Before she'd gotten involved with Buffy and her merry gang of Ghostbusters she would have rationalized all of this away. For the last two months she'd been praying to have that blindness return, with no luck. It was like trying to go back to being a virgin --

--or so she'd been told. (No, really.) Anyway, with her damned monstervision at 20/20 she couldn't help but see these things. Just thank the gods someone else had to deal with them now. Find out if the dream's a prophecy and pass it along. She supposed she should also bring up this general decaffeinated state everyone was wandering around in, too.

She finished with the apple and started to get up when Buffy walked by.

"Hey, Cordy," she said.

"Buffy," she answered coolly, with a slight nod of her head.

"How are you feeling today?"

"Do you really care?"

"Believe it or not, yes, I do," Buffy said.

"Well, I don't believe. You only put up with me because of Xander. Well, newsflash: He betrayed me and we broke up. You can quit pretending you like me, okay?" Actually, she wasn't sure whether Buffy cared or not, but that wasn't the point.
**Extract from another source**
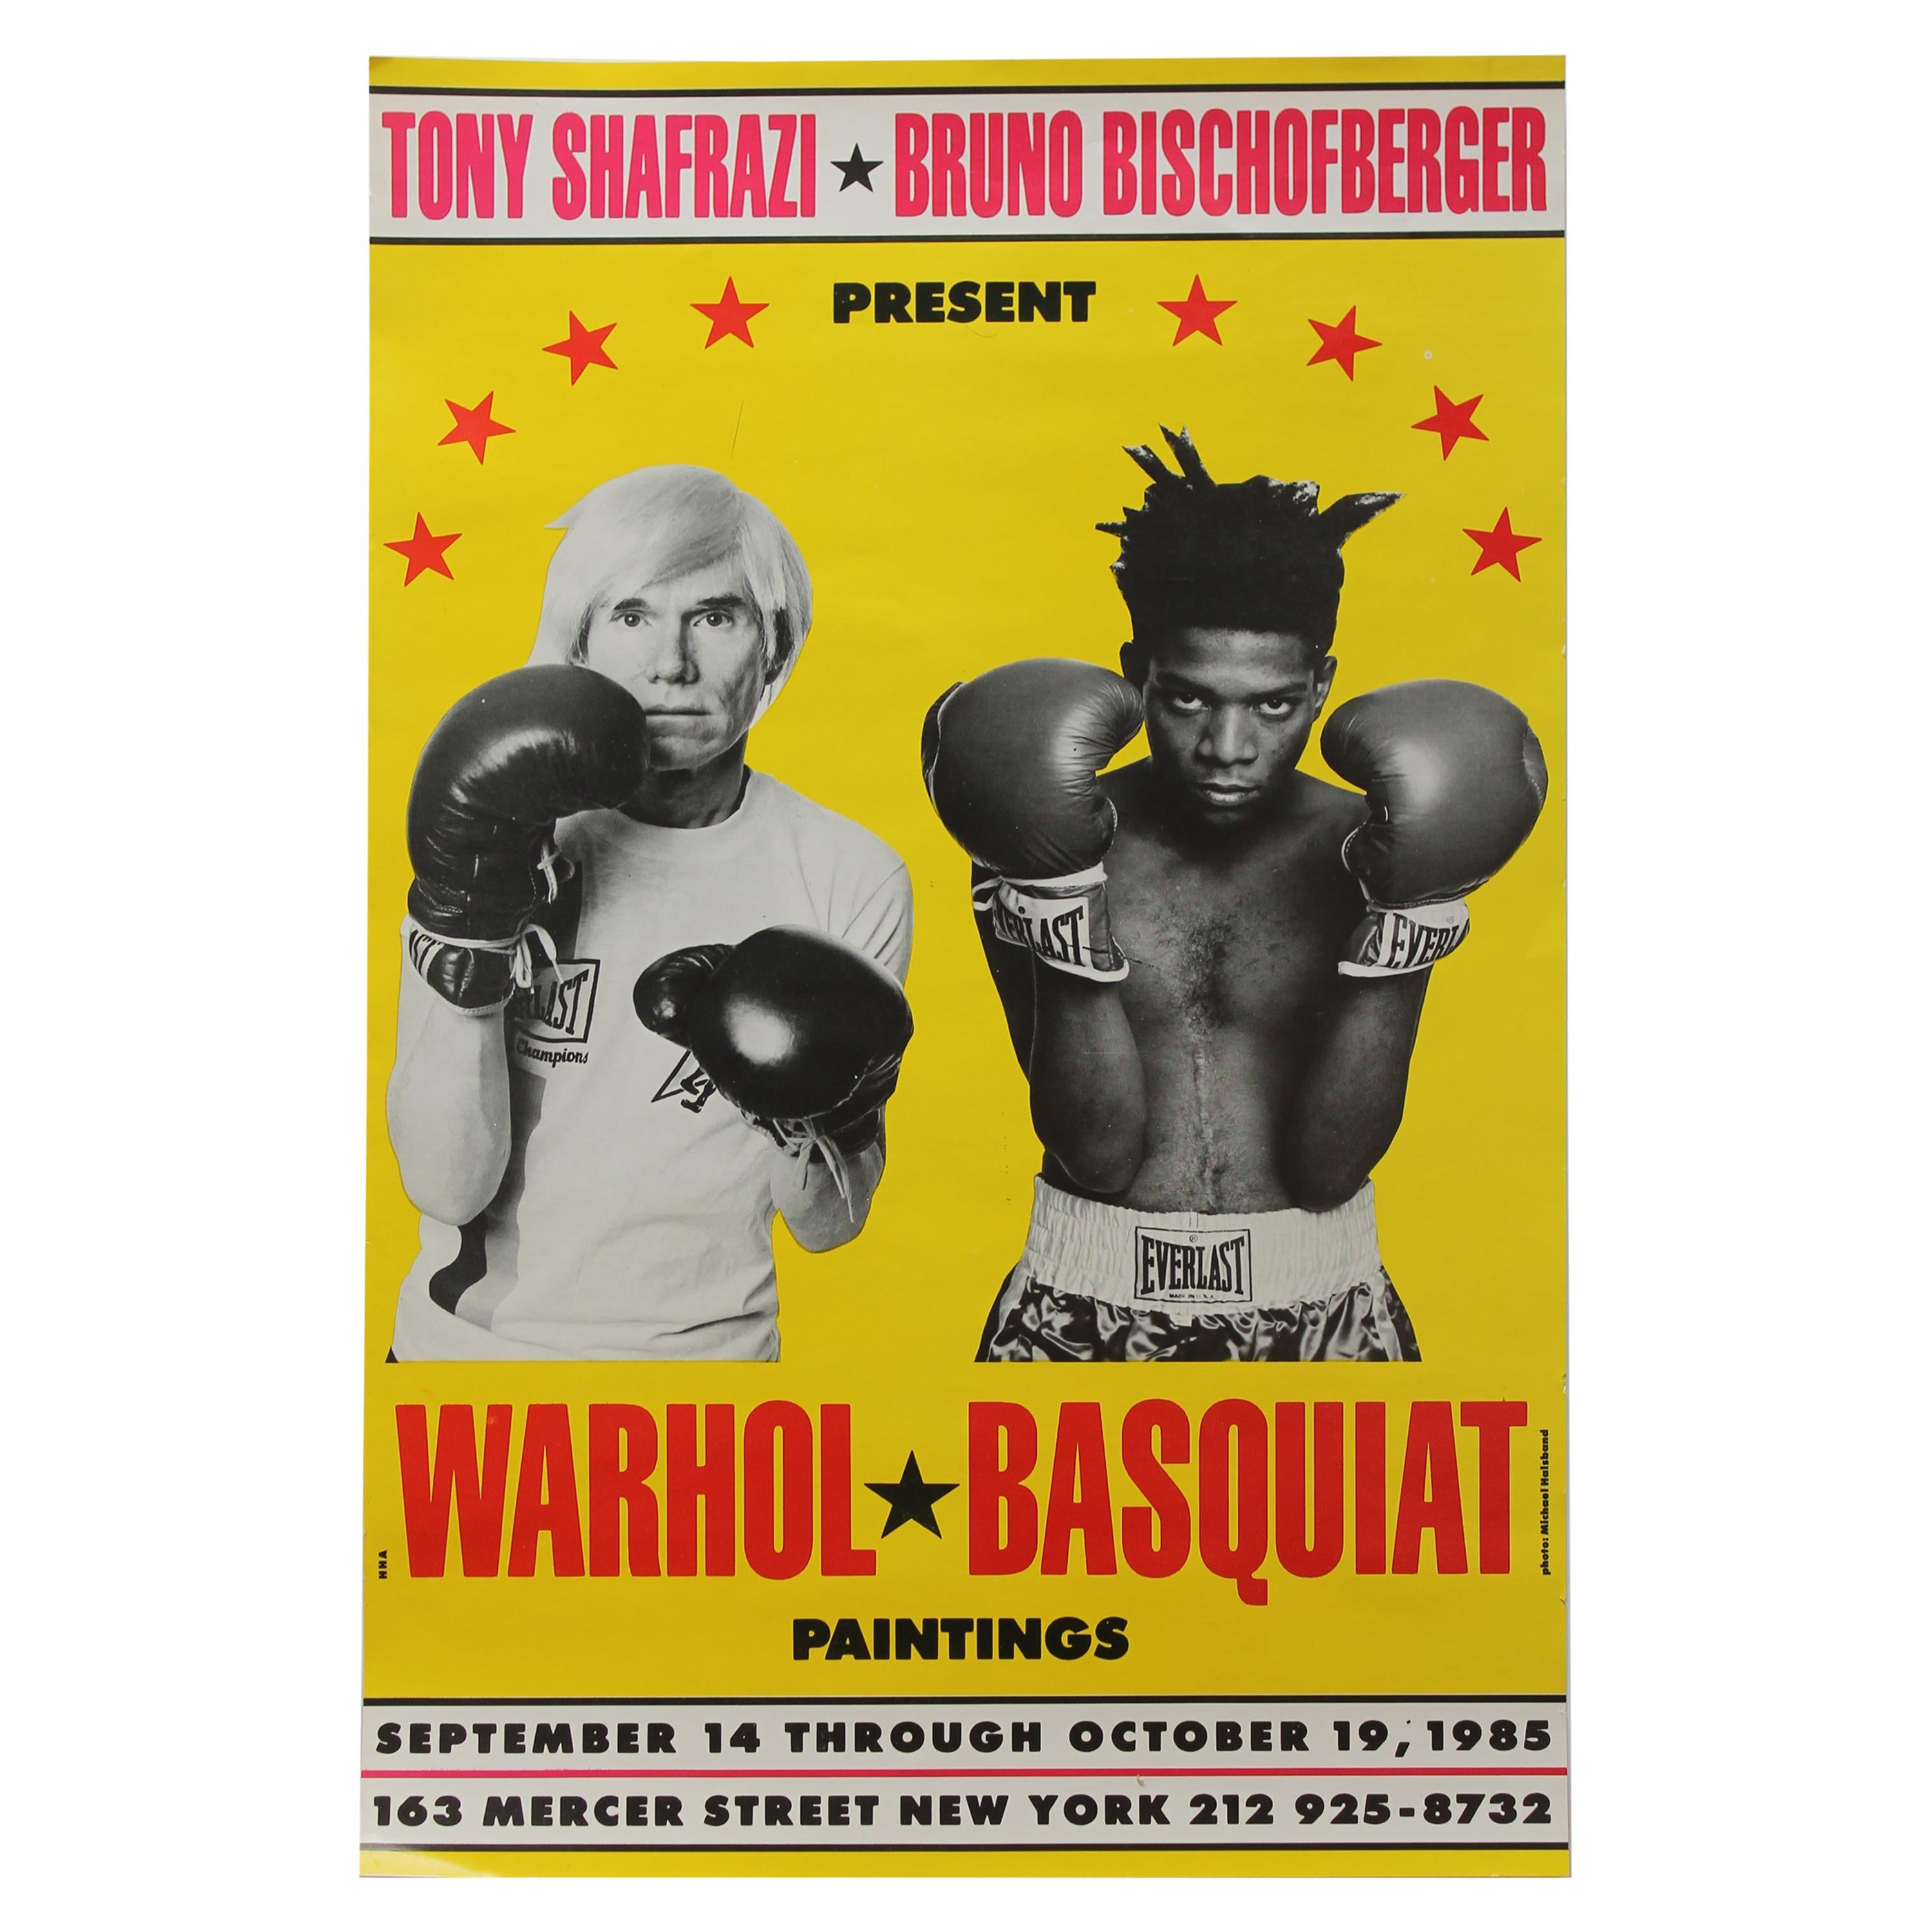 Original Poster for Warhol + Basquiat Paintings

Buffy sighed. "Alright then. Blame me for trying," and she walked over to where Willow and Oz were standing by the cafeteria door. Oz, now--was he whipped or what? Gets the same shock, the same treatment, and he goes meekly back to Willow within a few weeks. Self-esteem classes, stat!

And where was Xander?

-- not like she cared!

X X X X X

On the pretext of making a surprise inspection of some of the city's facilities, Mayor Wilkins and Deputy Mayor Finch walked into the Sunnydale water processing plant. After fifteen minutes of bullshitting, they finally got some time back to themselves. They walked to the intake area, the Deputy Mayor carrying a small bag of powder a bit carelessly.

"Might want to watch what you're doing with that," the Mayor said calmly. "If a single speck of that gets in your body you'll fall asleep on me."

"That doesn't sound so bad," Finch said.

"Falling asleep on the job is very serious, you should know that," his Honor answered amiably. "I might have to give you the axe." Finch panicked. "Oh, relax! I'm only kidding. They don't need weapons, not with the teeth they have."

The Deputy Mayor gripped the bag even more tightly. Then, as he gently, carefully sprinkled it into the city's water supply, the mayor chanted something from a small book he'd been carrying. Normally the Mayor didn't take a personal hand in this--deniability, and all -- but Hypnos was fussy, and the Mayor really only trusted himself to do it right. Then, abruptly, a few minutes later, his honor closed the book and started marching out. Finch, startled, almost dropped the bag, but recovered and hurried out the door after him.

"Well done," Mayor Wilkins said as if he meant it. "Just one thing. Until tomorrow, treat Sunnydale like you would any small Mexican village."

"Huh?"

"Don't drink the water."

Part Three

She walked into the library during sixth period and told Giles what she'd seen and felt during theday.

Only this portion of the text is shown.